Elon Musk kembali menimbulkan kontroversi dengan komentarnya. Kali ini, ia menyebut pemerintah Australia sebagai fasis.
Hal ini terjadi setelah diumumkannya rancangan regulasi di Australia yang mengancam platform media sosial dengan denda jika gagal mencegah penyebaran misinformasi.
Musk, yang merupakan pemilik platform X (dulunya Twitter), kerap dikritik karena banyaknya konten misinformasi di platformnya.

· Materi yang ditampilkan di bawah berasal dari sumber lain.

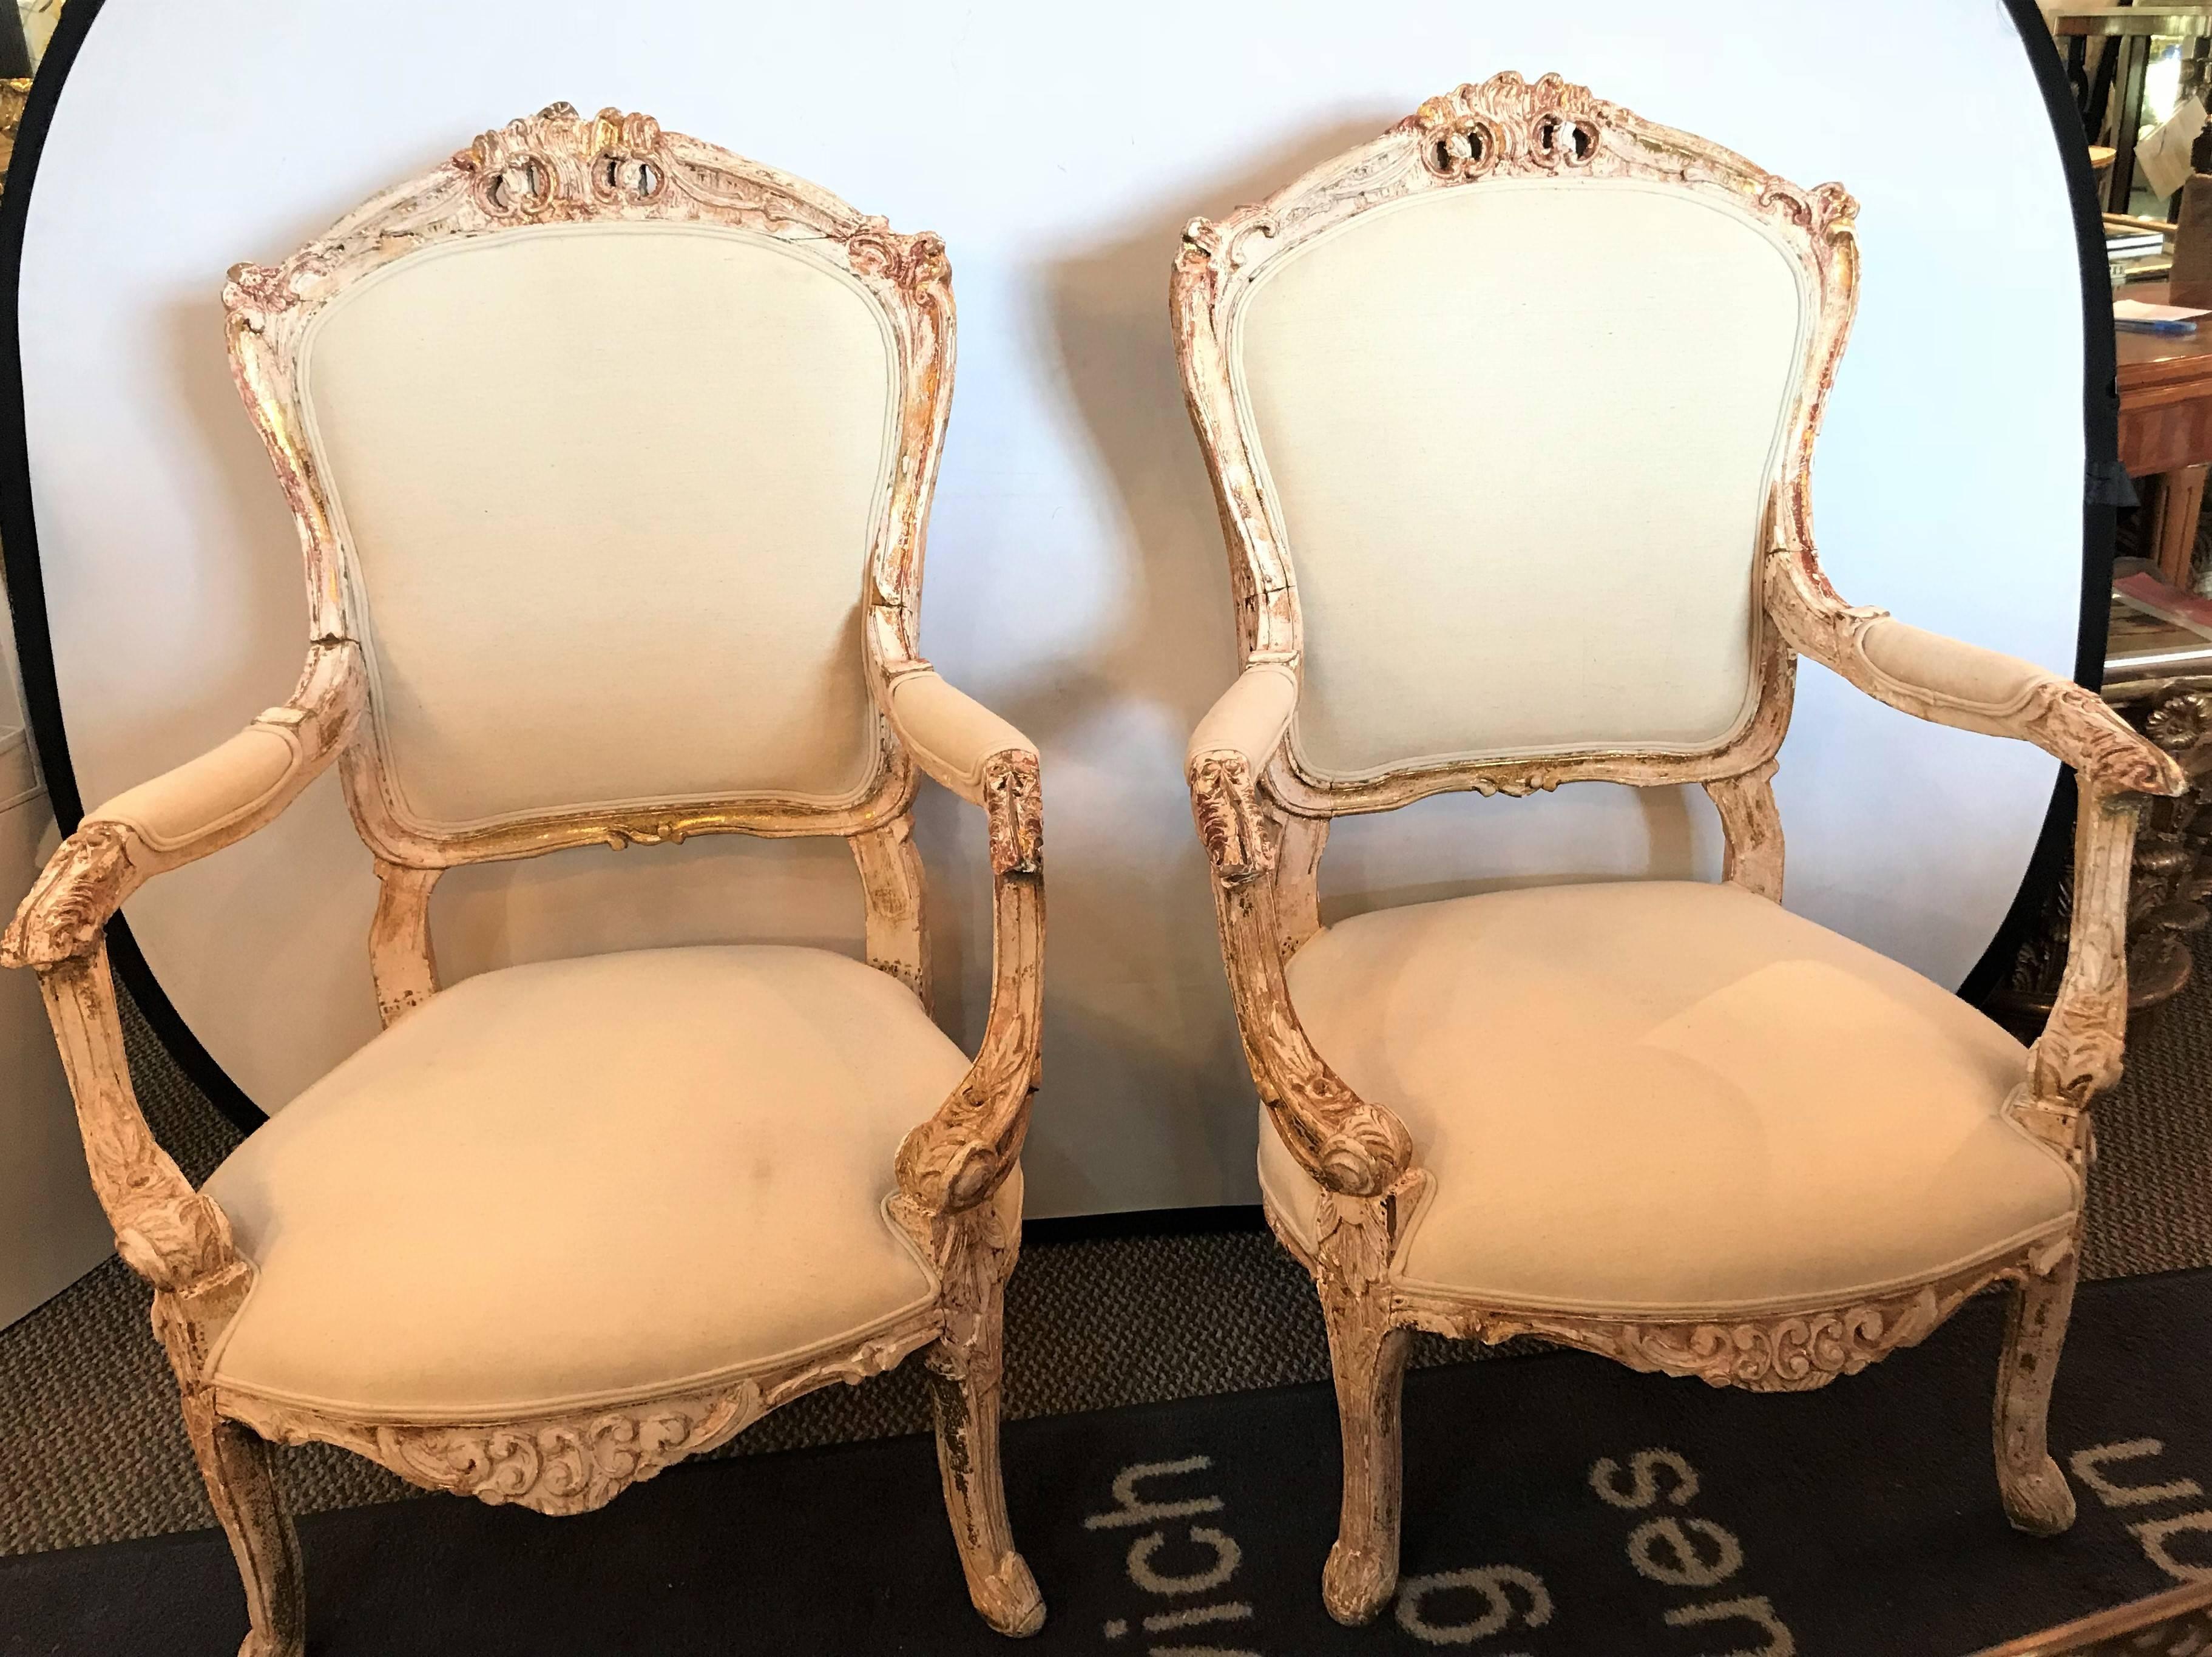 Ein Paar antike Sessel im Stil Louis XV mit lackierten, beschädigten Rahmen. Jeder hat einen wunderschönen antiken Rahmen, der mit neuen Leinenbezügen gewaschen wurde. 
Lxx.

Bahkan, tim moderasi konten X telah dipangkas setelah pengumuman PHK besar-besaran.
Pemerintah Australia merilis aturan tersebut yang mengancam platform internet dengan denda sebesar 5% dari pendapatan global mereka. Selain itu, platform teknologi diharuskan memiliki kebijakan konkret untuk mencegah penyebaran informasi palsu yang harus disetujui pemerintah.
Musk, yang selalu mengklaim sebagai pembela kebebasan berpendapat, menanggapi aturan tersebut dengan satu kata, yaitu “fasis”.
Kementerian Komunikasi Australia menegaskan bahwa semua platform yang beroperasi di negara tersebut harus patuh terhadap aturan yang berlaku. Mereka menjelaskan bahwa aturan ini bertujuan untuk meningkatkan transparansi dan tanggung jawab platform kepada pengguna dan masyarakat Australia.
Menteri Layanan Pemerintah Australia, Bill Shorten, mengkritik sikap Musk yang dianggap menerapkan standar ganda pada konsep kebebasan berpendapat.
Ini bukan kali pertama Musk terlibat kontroversi dengan pemerintah Australia. Sebelumnya, X telah diadili karena menentang perintah regulator siber terkait penikaman seorang uskup di Sydney.
Perdana Menteri Anthony Albanese bahkan menyebut Musk sebagai “miliarder yang sombong”.
Regulator akhirnya mencabut tuntutan terhadap X setelah ada pertentangan dengan pengadilan federal. X kemudian memblokir pengguna Australia dari postingan terkait, namun tetap tidak menghapus konten tersebut secara global.